Linear Discriminant Analysis: Simple Definition

What is Linear Discriminant Analysis?

In statistics, pattern recognition and machine learning, linear discriminant analysis (LDA), also called canonical Variate Analysis (CVA), is a way to study differences between objects. This sorting method uses a linear combination of features to characterize classes. More specifically, scores that separate an object from one particular class to the next are expressed as “—linear combinations of the explanatory variables that optimally separate the a priori* defined groups (classes)” (Šmilauer & Lepš, 2014).

Developed in 1936 by R. A. Fisher, it is both simple and robust, and the models it generates are often quite as good as those generated by more complicated algorithms.

LDA is similar to logistic regression and probit regression, and also, to some degree, analysis of variance (ANOVA).

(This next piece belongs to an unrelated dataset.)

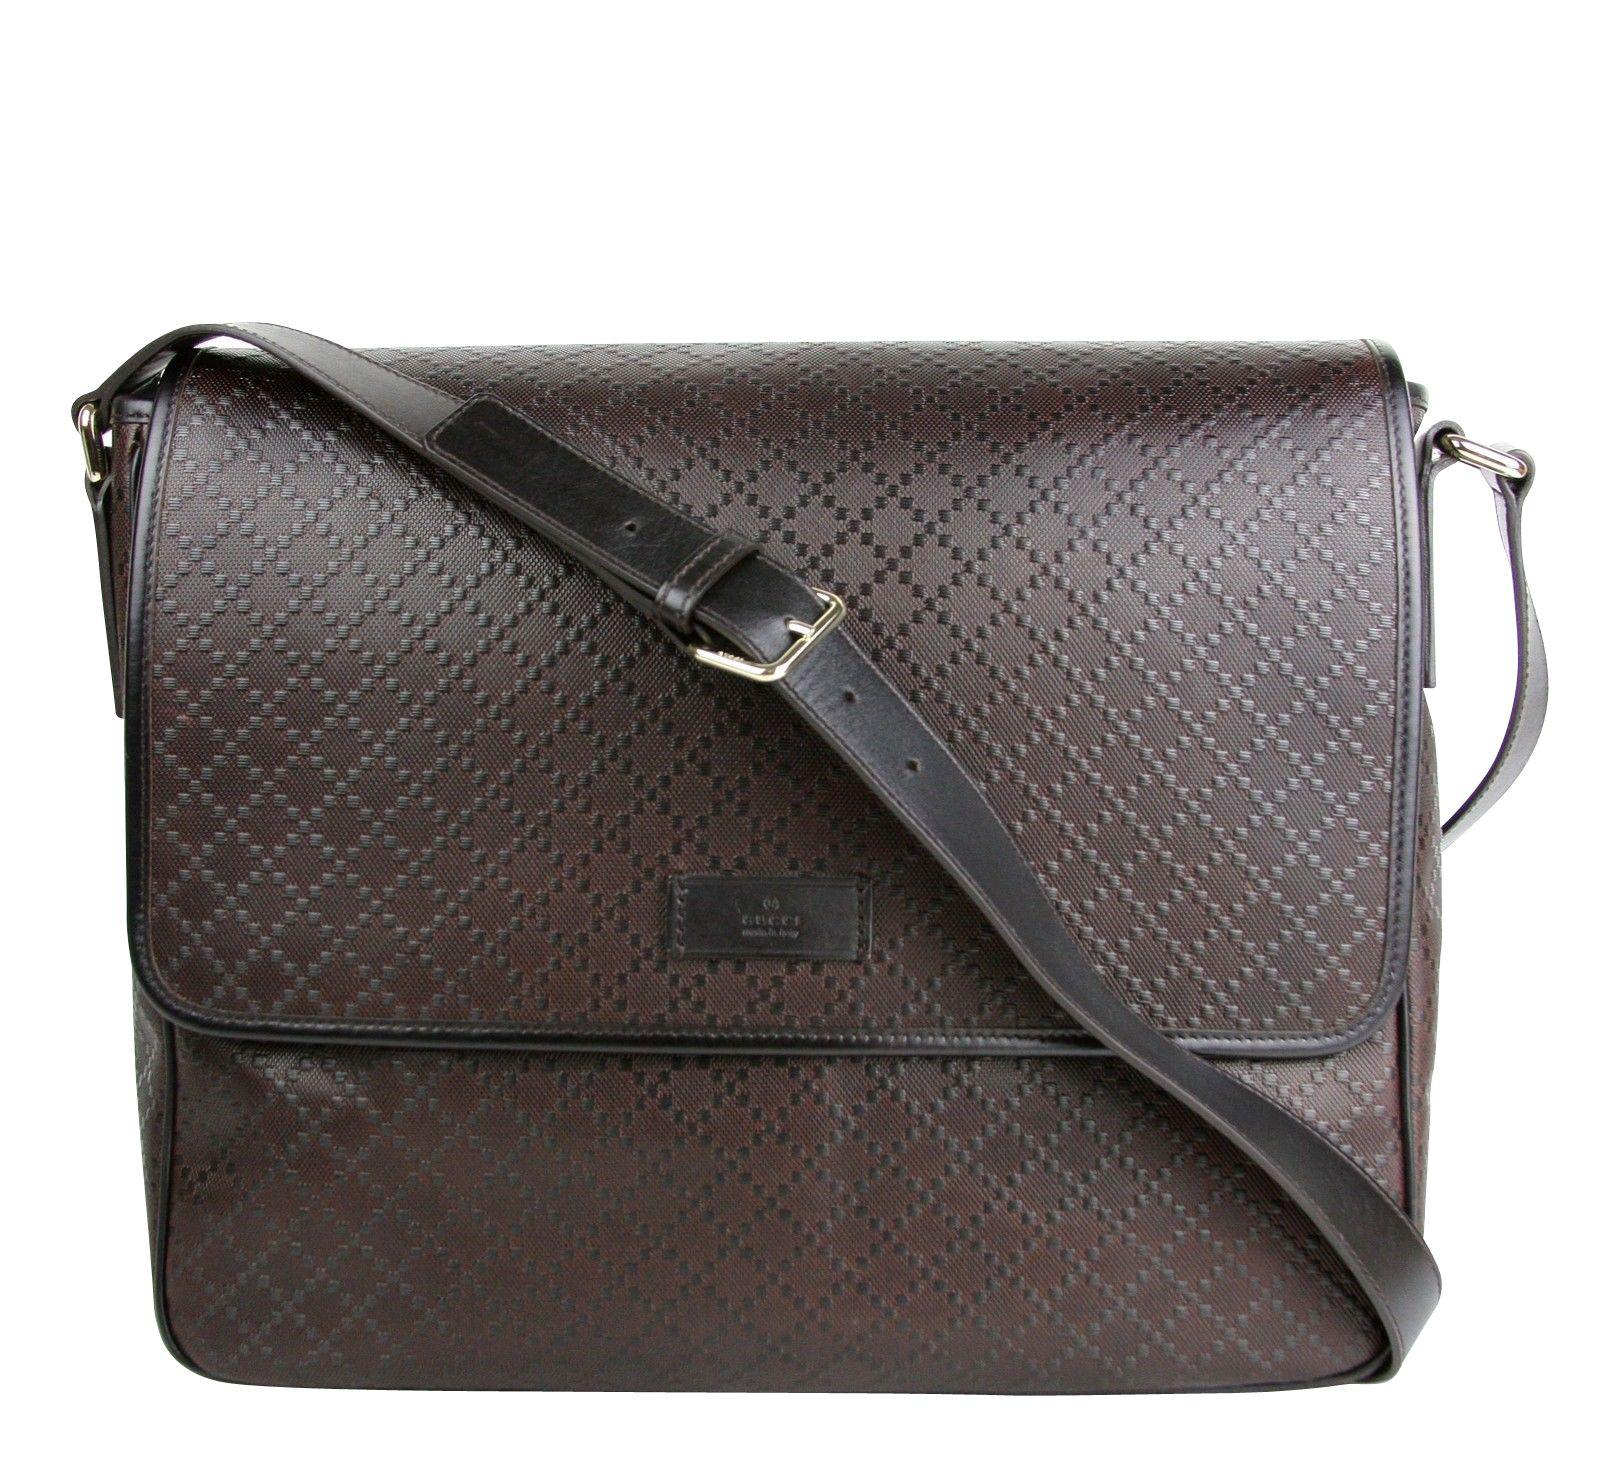 e8470be50ba5 Gucci. Women s Men s Hilary Lux Dark Brown Diamante Leather Messenger Bag  ...

Although it has the term “linear” in the title, it can be expanded to the analysis of non-linear systems, using nonlinear spline basis functions (Decker & Lenz, 2007).

Objectives of Linear Discriminant Analysis

LDA has two broad objectives Elston et. al, 2002):

Prediction: find a rule which allows objects to be sorted into predefined classes.
Analyze: build a model that can help the user discover patterns and order in data.

Time Series Analysis

When used to analyze business cycles, it’s important to note that the technique ignores the underlying chronological order of time series cycles (Decker & Lenz, 2007).

Note

*A priori is—relating to what can be known through an understanding of how certain things work [i.e. a hypothesis] rather than by observation” ~ Miriam Webster.

References

Decker, R. & Lenz, H. (2007). Advances in Data Analysis: Proceedings of the 30th Annual Conference of the Gesellschaft für Klassifikation e.V., Freie Universität Berlin, March 8-10, 2006. Springer Science & Business Media.
Elston et. al (Eds.) (2002). Biostatistical Genetics and Genetic Epidemiology. John Wiley & Sons.
Šmilauer, P. & Lepš, J. (2014). Multivariate Analysis of Ecological Data using CANOCO 5. Cambridge University Press.